Brain structure in schizophrenia vs. psychotic bipolar I disorder: A VBM study
Introduction
Brain structural changes have been demonstrated in schizophrenia and bipolar disorder and interest has grown regarding areas of spatial overlap, in particular as both disorders share some clinical features and risk genes (Thaker, 2008). Given that brain structural changes are a putative endophenotype of schizophrenia and possibly bipolar disorder as well, the comparison of changes occurring in both disorders is of particular interest in understanding putative biomarker characteristics, for example with respect to specificity to a particular disorder or symptom characteristics.
Initial comparative studies have suggested that patients with schizophrenia might show volume loss in middle prefrontal and thalamic regions (McIntosh et al., 2004), and in total hippocampal volume (McDonald et al., 2006). Another study suggested more widespread prefrontal and temporal grey matter loss in schizophrenia, but not in bipolar disorder, for which sparing of cortical changes was observed (McDonald et al., 2005).
Subsequently, studies applying voxel-based morphometry (VBM) have been conducted to compare patients with schizophrenia and bipolar disorder. There has been some support from the notion of these initial studies that fronto-temporal grey matter deficits are more extensive in schizophrenia than in (psychotic) bipolar disorder (Brown et al., 2011, Molina et al., 2011, Ivleva et al., 2012, Yuksel et al., 2012), but results have been rather inconclusive for the thalamus and hippocampus, which had been as further focus of earlier studies.

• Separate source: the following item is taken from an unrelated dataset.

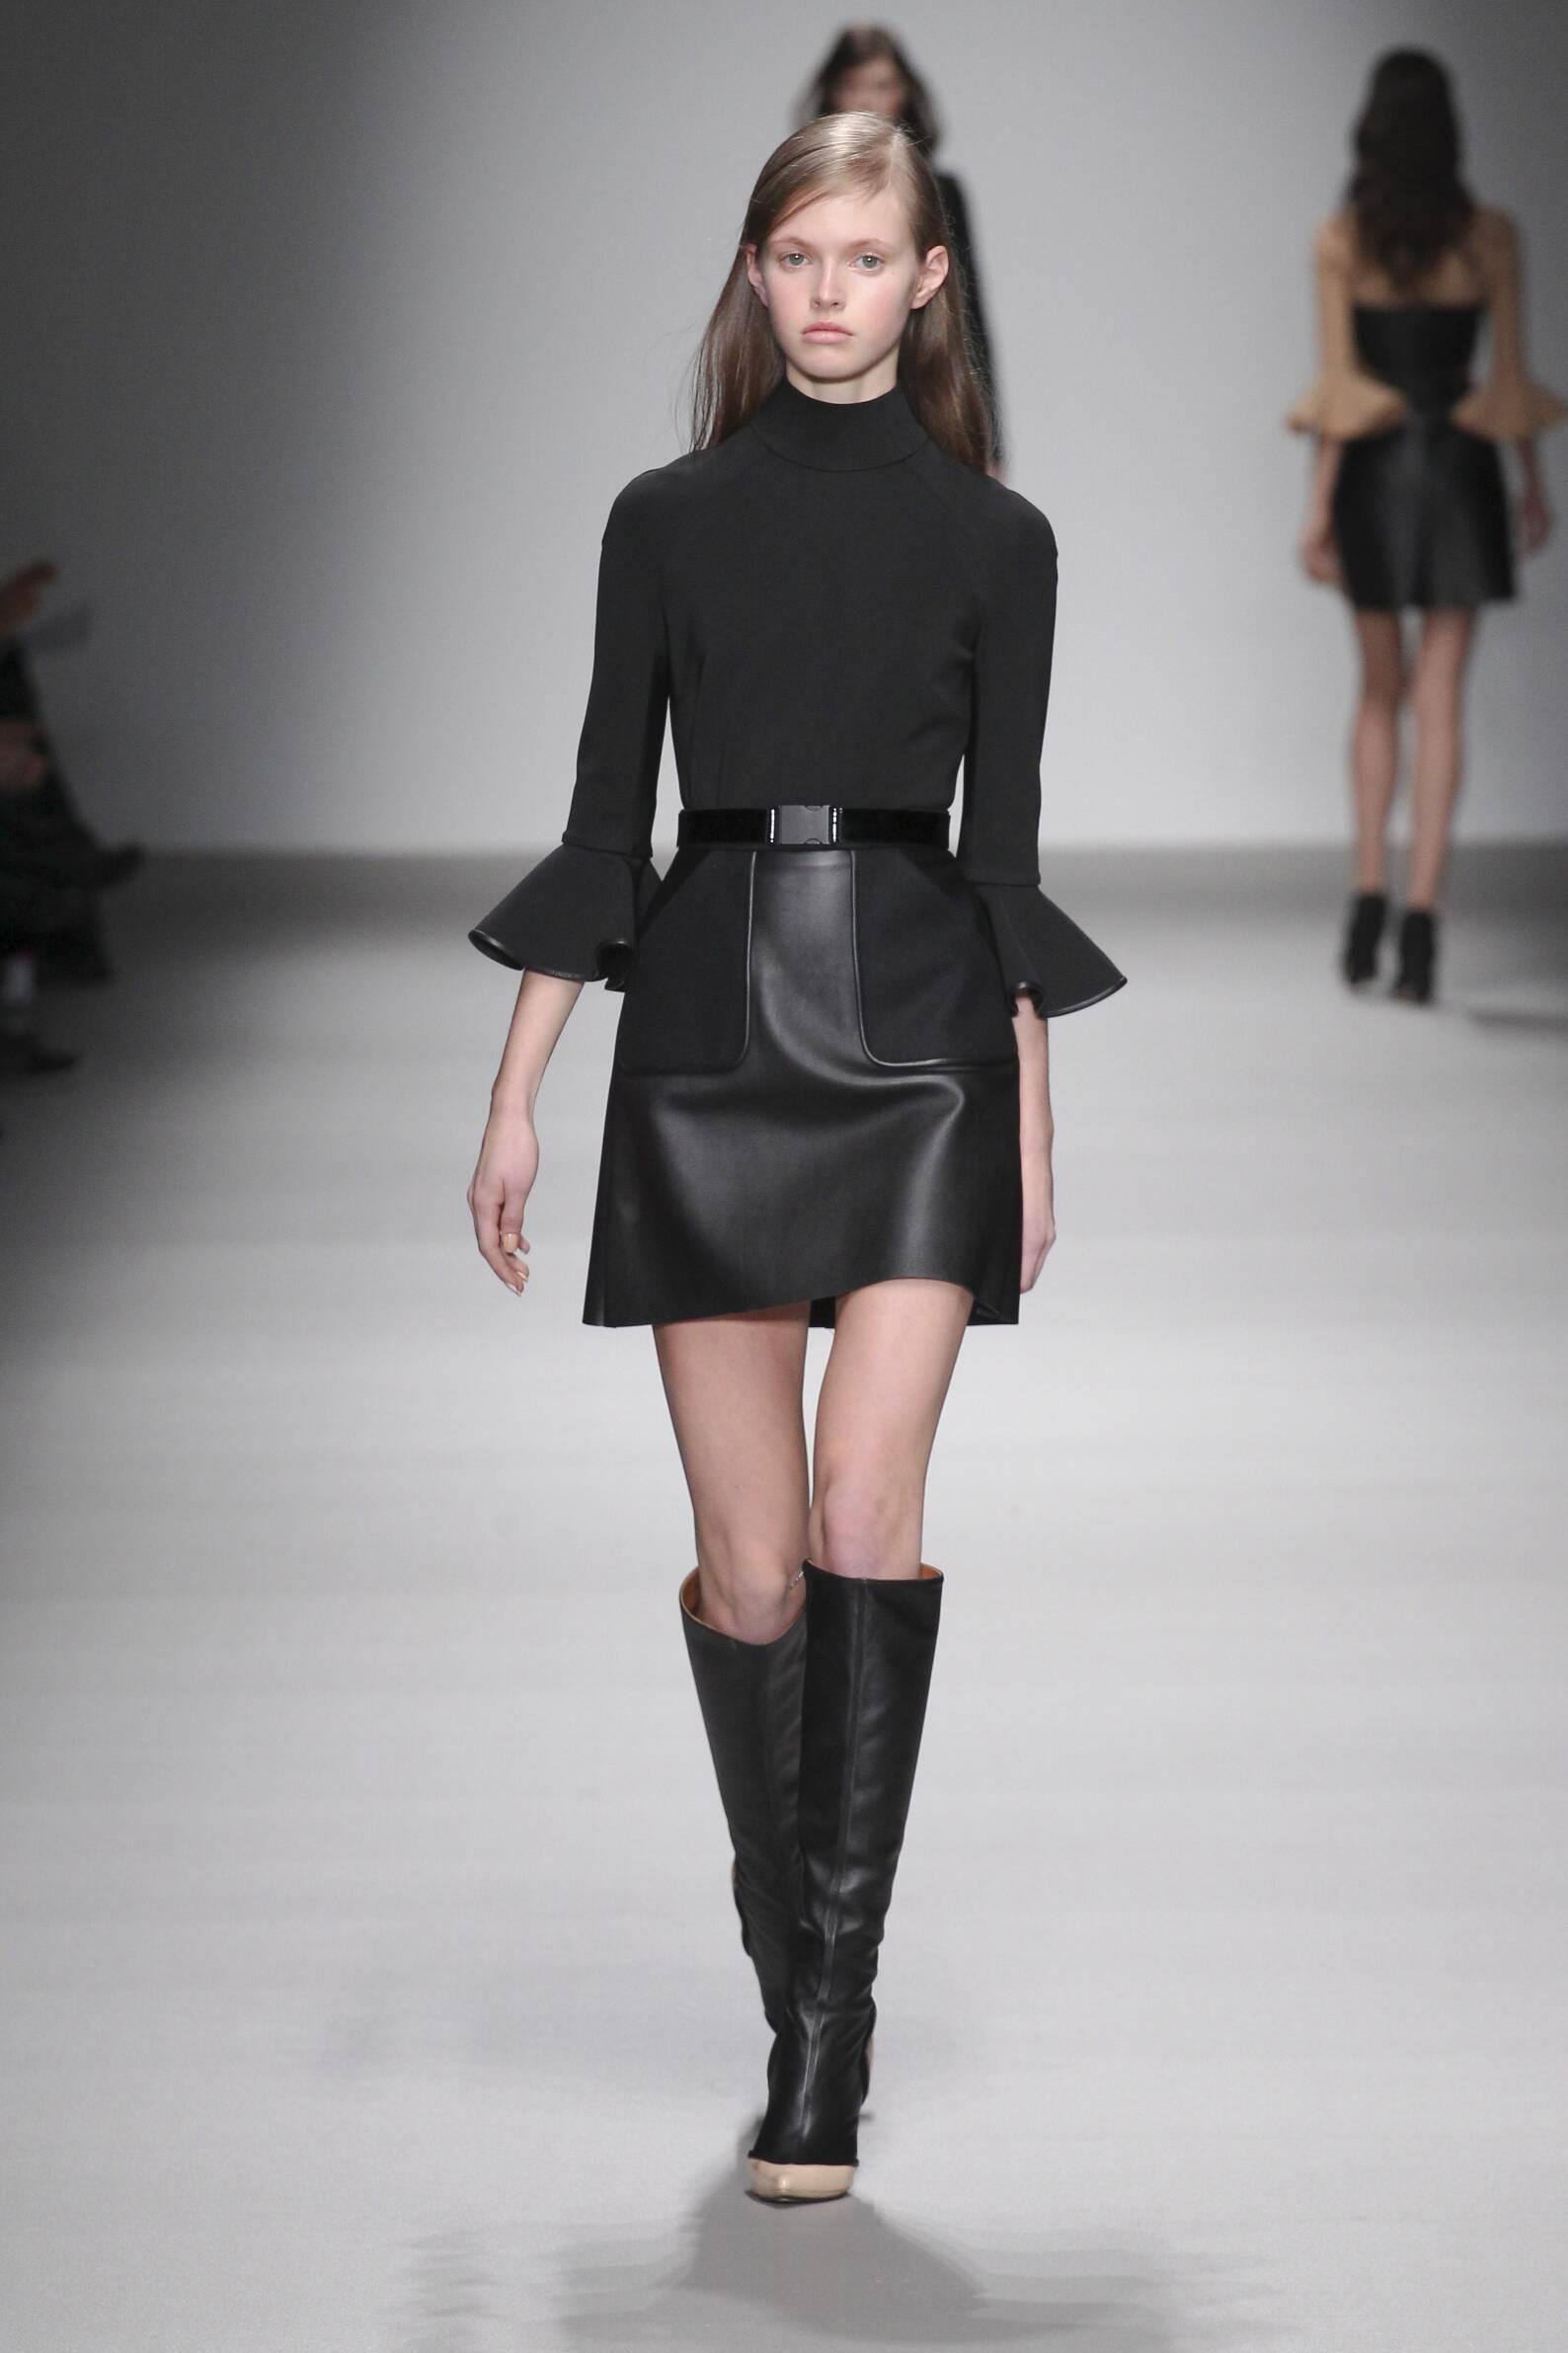 2016 Fall Fashion Woman David Koma Collection

Another approach to compare brain structural changes has been to conduct meta-analyses of VBM studies in these disorders (Bora et al., 2012): the results indicate that the observed changes within the prefrontal areas may differ in location, with schizophrenia showing reductions in dorsolateral prefrontal cortex (DLPFC) and anterior cingulate cortex (ACC) vs. fronto-insular reductions in bipolar disorder. Another aspect of this meta-analysis, which has been highlighted by a subsequent review of meta-analyses by Crow et al., is the issue of laterality (Crow et al., 2013): these authors identified a pattern of diverging laterality, which might be explained by the gender ratio across studies. Indeed, the meta-analysis by Bora et al. shows that the changes in bipolar disorder mostly manifest in the right hemisphere (e.g. right fronto-insular cortex, right subgenual/medial prefrontal, and right ACC/medial prefrontal cortex), while changes in schizophrenia studies more frequently show changes in right hemisphere structures (Bora et al., 2012). Differences in gender composition, esp. higher rates of male patients with schizophrenia, who might show more severe illness, might be a contributing factor.

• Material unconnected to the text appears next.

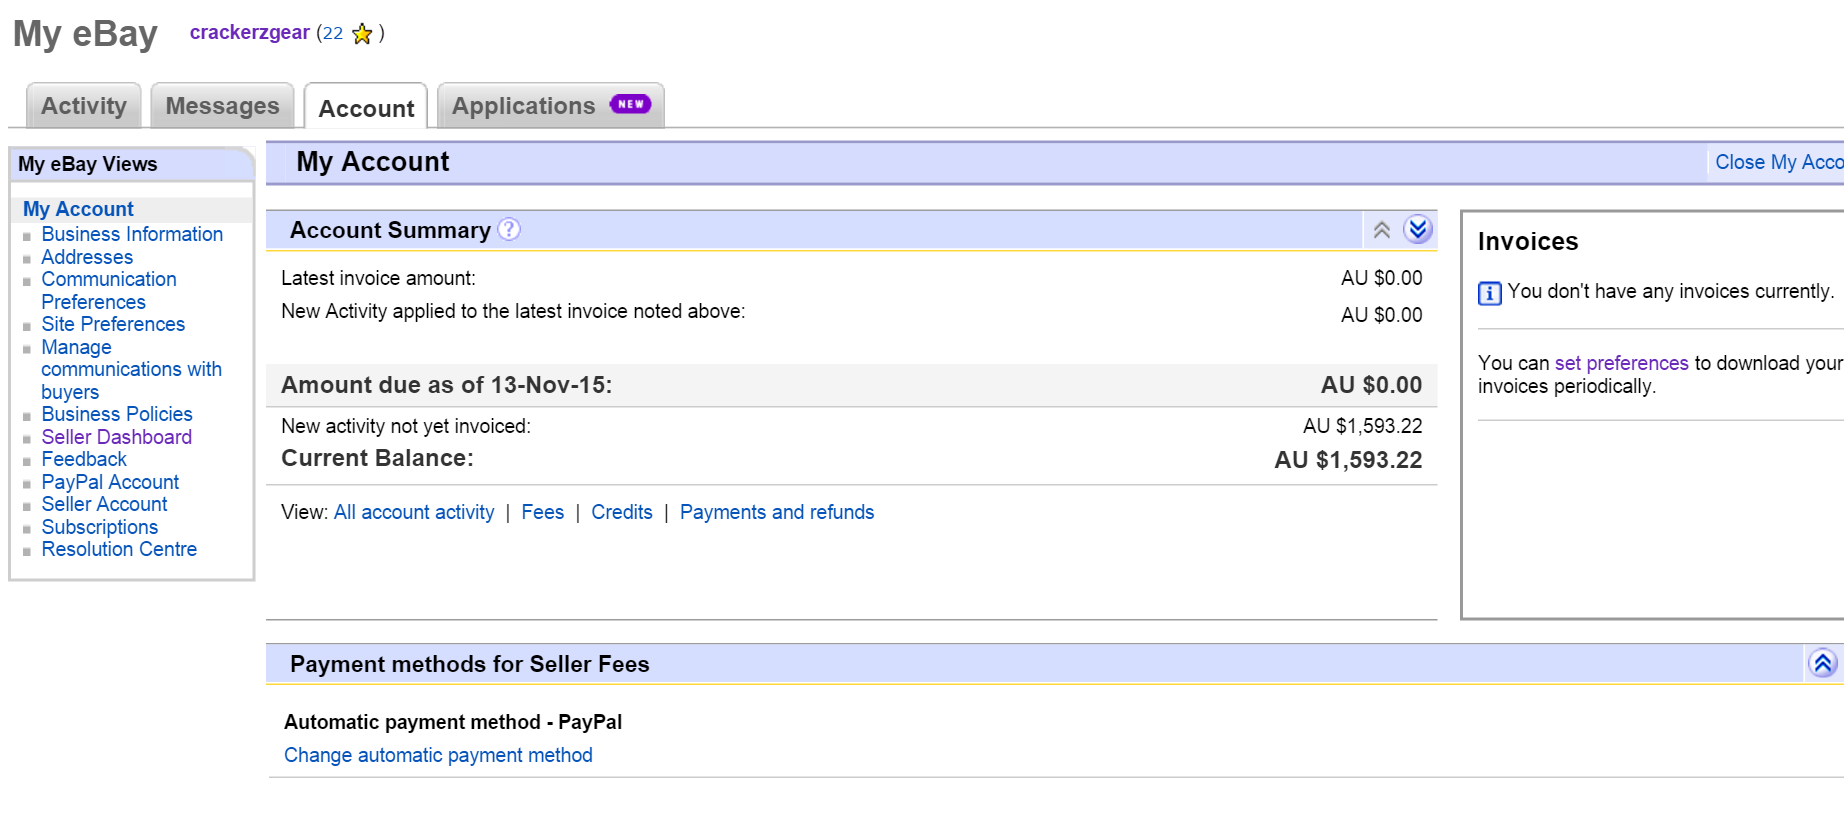 Invoice Fee For 1 593 22 The Ebay Community

However, such meta-analyses are limited as they normally do not include direct comparison between schizophrenia and bipolar disorder groups, and because it is also difficult to control for the numerous smaller systematic differences across studies, such as gender imbalance, details of VBM pre-processing and analyses. In fact, the current meta-analyses (Ellison-Wright and Bullmore, 2010, Yu et al., 2010, Bora et al., 2012) do not take into account those original studies (mostly published after these meta-analyses), which directly compare schizophrenia vs. bipolar disorder cohorts, and they do not take into account the heterogeneity within the patient samples (esp. the bipolar cohorts), which often include both bipolar I and II patients, as well as those with and without psychotic symptoms.
In this study, we aimed to add new insight to the ongoing study of brain structural differences between schizophrenia and bipolar disorder. We focused on comparing schizophrenia patients with a subgroup of bipolar disorder patients with (previous) psychotic symptoms, using an updated version of VBM, as implemented in the VBM8 toolbox, and restricting recruitment of patient to those in remission. Based on the cited previous studies, we hypothesised that schizophrenia patients would show volume reductions in DLPFC, thalamus, and hippocampus, exceeding those seen in (euthymic) bipolar disorder patients.
Section snippets
Subjects
We included a total of 85 subjects, who had provided written informed consent to study protocols approved by the Ethics Committee of the Friedrich-Schiller-University Medical School and in accordance with the current version of the Declaration of Helsinki. We only included subjects able to provide consent to participate in compliance with the Declaration of Helsinki, as well as local and national regulations. Our study included three groups recruited from in-patient, day clinic, and out-patient
Results
The analysis of main effect of diagnosis, as shown in Fig. 1, Table 2 (A) revealed wide-spread effects in multiple frontal, temporal, and thalamic areas.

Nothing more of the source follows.